Coaching is an endangered profession at almost every level these days. Jacqueline Perkins Schroeder seems immune to most of the occupational hazards, though.

Schroeder doesn’t deal with contract disputes or drug scandals. Smiles are the universal language on her team.

When one of Schroeder’s athletes sees her walking in their direction with clipboard or stopwatch in hand, no automatic scowl is returned, no invisible wall raised.

Her athletes are special in the greatest sense of the word.

“The words ‘teamwork’ and ‘team spirit’ come to mind when I think of our team of athletes,” Schroeder said. “Some professional sports teams could take lessons from them on team sportsmanship, cheering on teammates and congratulating your opponents.”

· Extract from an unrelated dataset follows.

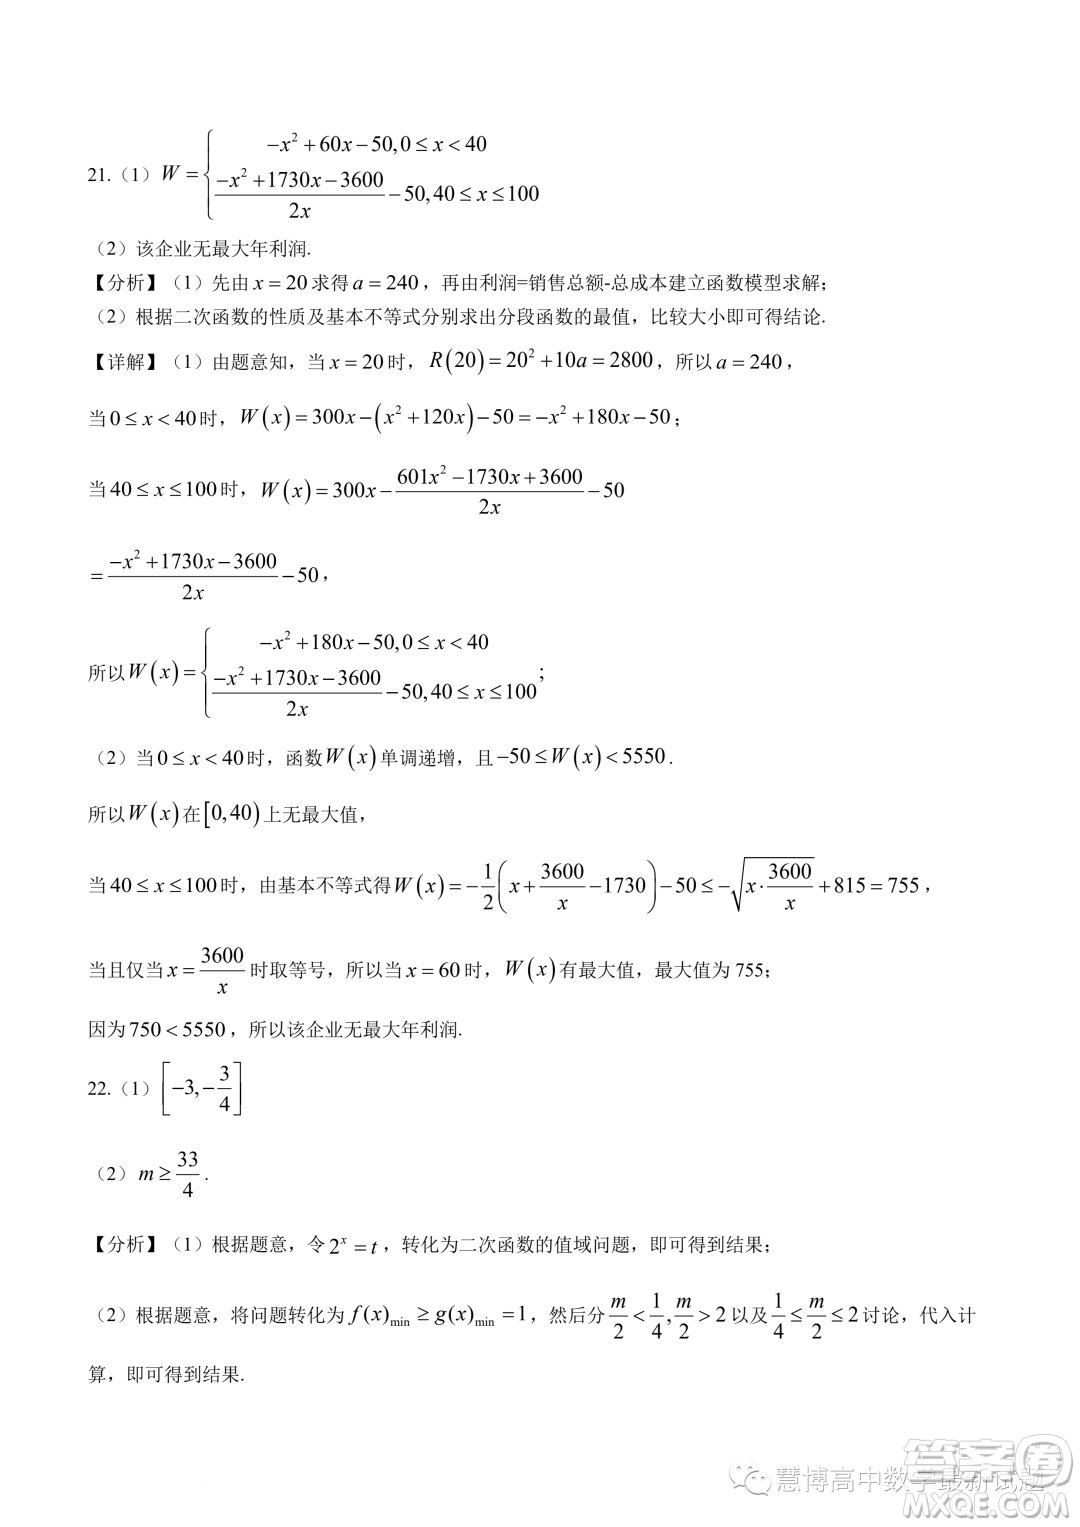 广东深圳大学附属实验中学2023-2024学年高一上学期阶段考试数学试卷答案

Take that from a woman who coaches the elite athletes in her profession. Schroeder, a graduate of Rumford High School and the University of Maine, has been named an assistant track and field coach for Team USA at the upcoming Special Olympics World Games in Shanghai, China.

The team will depart California on Sept. 26 and enjoy the role of tourists before the beginning of the games, scheduled for Oct. 2-11.

Schroeder, an adjunct therapist with the Hozhoni Foundation in Flagstaff, Ariz., is one of 102 coaches overseeing more than 400 athletes with Team USA. Her athletes hail from New York, Texas, South Carolina and Idaho.

“Each coach has been assigned four to five athletes to contact and train with,” Schroeder said. “We have been in contact since January through phone calls and e-mails.”

Coaches also met with their athletes last month at a Team USA training camp in Tennessee.

World Games officials expect more than 40,000 volunteers and 3,500 officials to cover 16 sports venues during the 10-day event.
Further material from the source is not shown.